Ethiopian startup eQub is the fintech pitch-off winner at 4YFN 2024, Mobile World Congress startup event. TechCrunch was on the ground in Barcelona to meet head of business development Nahom Michael this week.
The name of the startup is an Amharic word referring to a local form of peer-to-peer credit, Michael said. Equb is a group of people who join forces to save money, which is then distributed in turn.
Known as a revolving savings and credit association or ROSKAS, this method of financing is common in many countries, especially across Africa, where it is used for both personal and business loans. but it has not yet entered the digital age.
This is the opportunity that eQub wants to take advantage of. Starting with an app, it targets users among the growing number of Ethiopians who have bank accounts and mobile phones but limited access to credit.
The creation of a digital Equb is an improvement in itself: For eQub members with bank accounts, they can add money without having to go to an ATM. For eQub administrators, it also means they don’t have to deal with piles of cash.
In addition to convenience, eQub’s points system is also a way for users to build credit history by showing that they are consistent savers. In the long run, it could help eQub expand into BNPL, regular loans and more. but for now, it sticks to the original ROSCAS model: no collateral and no interest. Instead, it makes money by charging a transaction fee when funds are withdrawn.
In her pitch, Michael told the jury and the audience that the app had attracted around 25,000 users since its launch, translating into 200 savings groups. He also showed TechCrunch that the app gives users two options: Either join an existing group or a curated group created by the startup.
In both cases, eQub takes steps to ensure that savings are safe. For self-managed groups, it does detailed KYC, which is already more than traditional, offline Equbs.
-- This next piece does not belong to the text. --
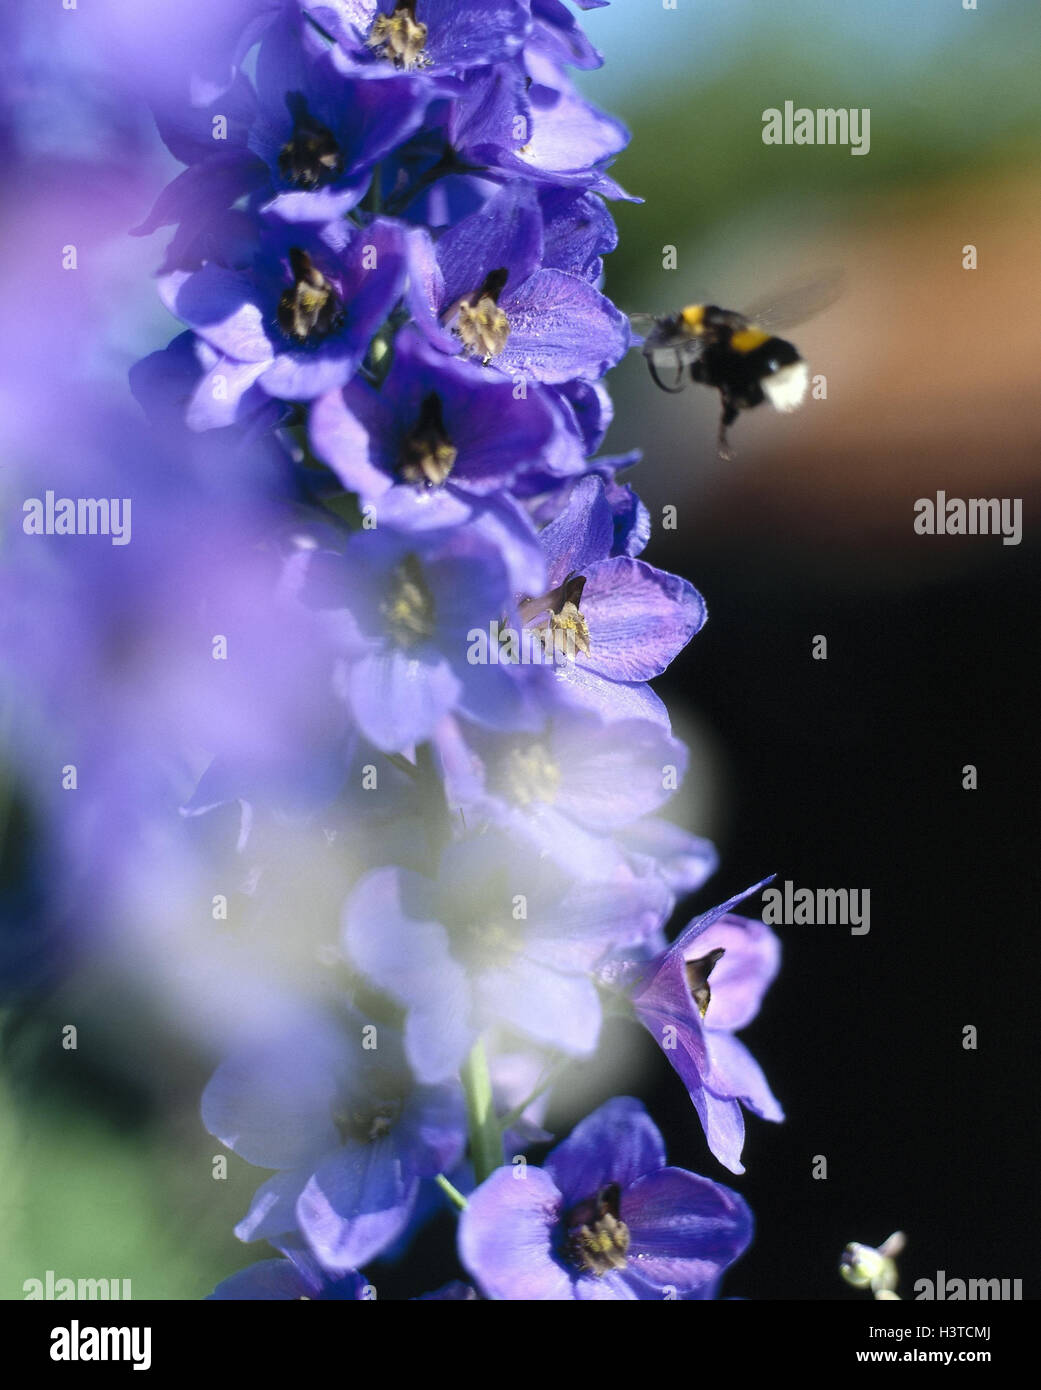 Larkspur, Delphinium spec., detail, blossoms, bumblebee, outside, summer, crowfoot plants, flower, flowers, blossom, plants, nature, Bombus, mauve, close up Stock Photo
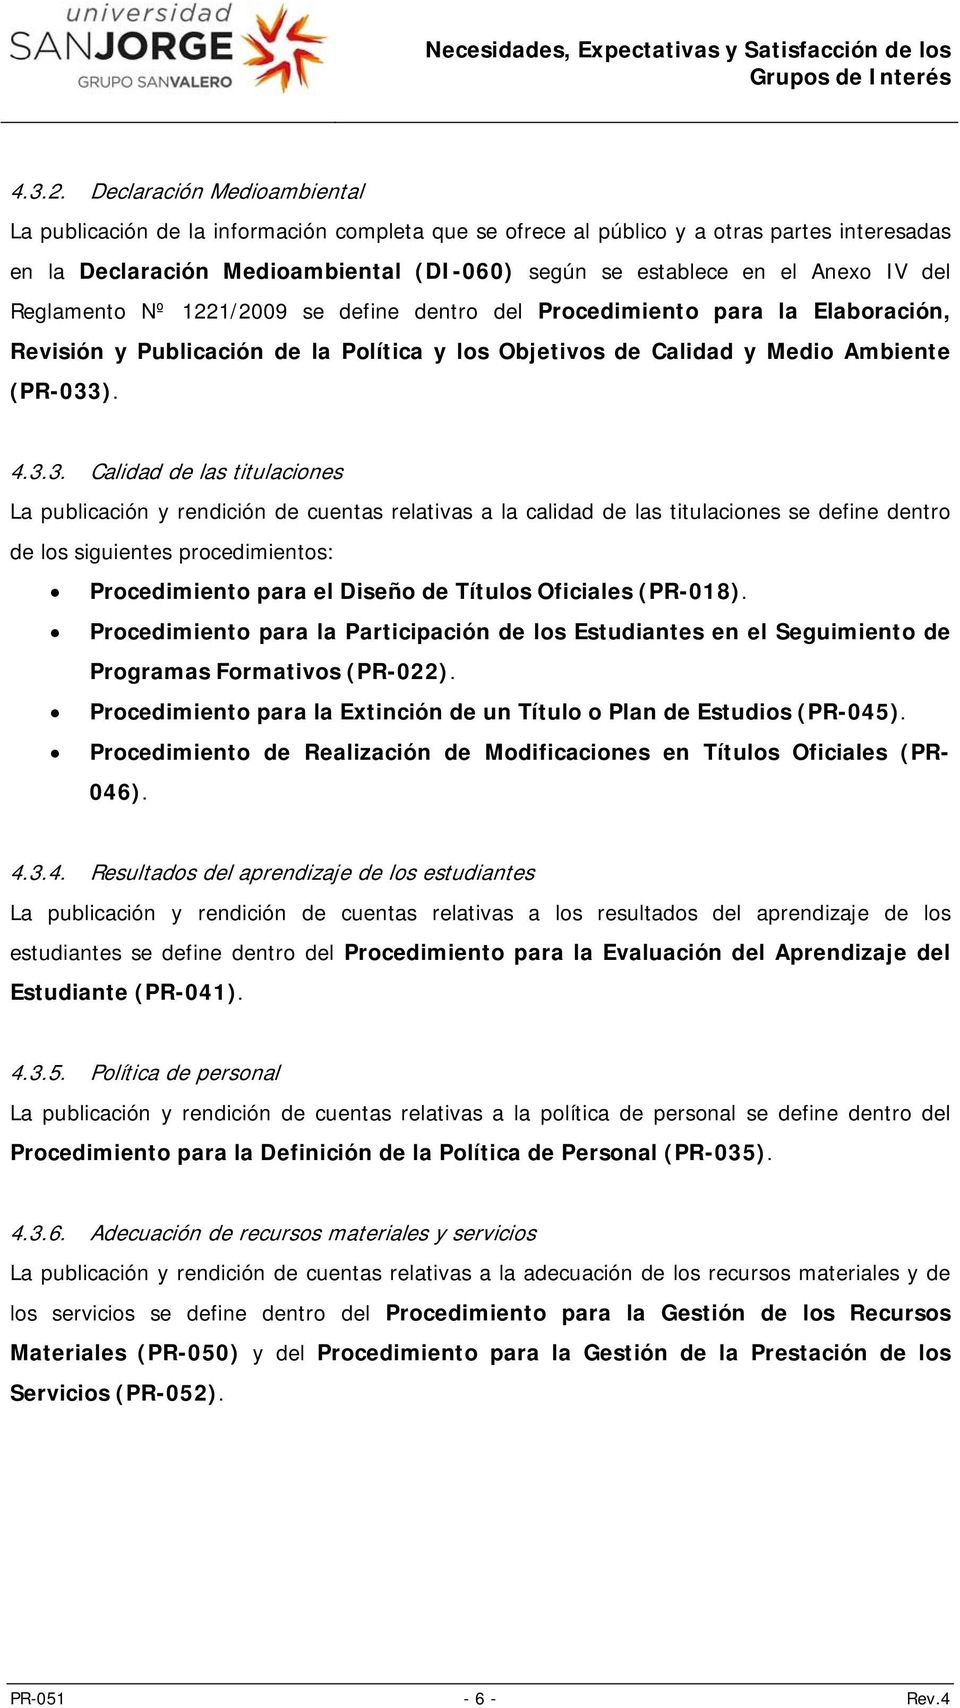 del Reglamento Nº 1221/2009 se define dentro del Procedimiento para la Elaboración, Revisión y Publicación de la Política y los Objetivos de Calidad y Medio Ambiente (PR-033

This makes sense: these people usually share personal ties, which is not the case with curated eQubs.
However, Michael explained to TechCrunch via text, the requirements are “getting strict” for such groups, “including digital ID, employment letter or business license for proof of stable income, 3-6 months bank accounts, also sign a digital agreement that allows us (eQub) to take legal action in the event of such cases.”
Michael said the startup now has more than 10 banking partners, an approach that can also help limit risks through data sharing. More could be coming: “recently,” said Michael, “insurance companies have offered to create a special limited insurance policy for saving groups where defaults occur due to the death of an eQub member.”
In addition, the startup has 20 corporate partners as part of its B2B2C strategy: If a company’s employees already participate in Equbs, the app now gives the employer a way to make it digital.
One of her next targets will be gig workers, an important component of the workforce in the sub-Saharan country’s cities. eQub hopes to reach 1 million of those users by 2025. But while there’s built-in virality to the app, faster growth will require more marketing, which is one of the reasons the company is looking to raise a round pre-seed worth $500,000. The exposure it got at MWC may help it with that, but also with another goal: expanding to other countries in the near future.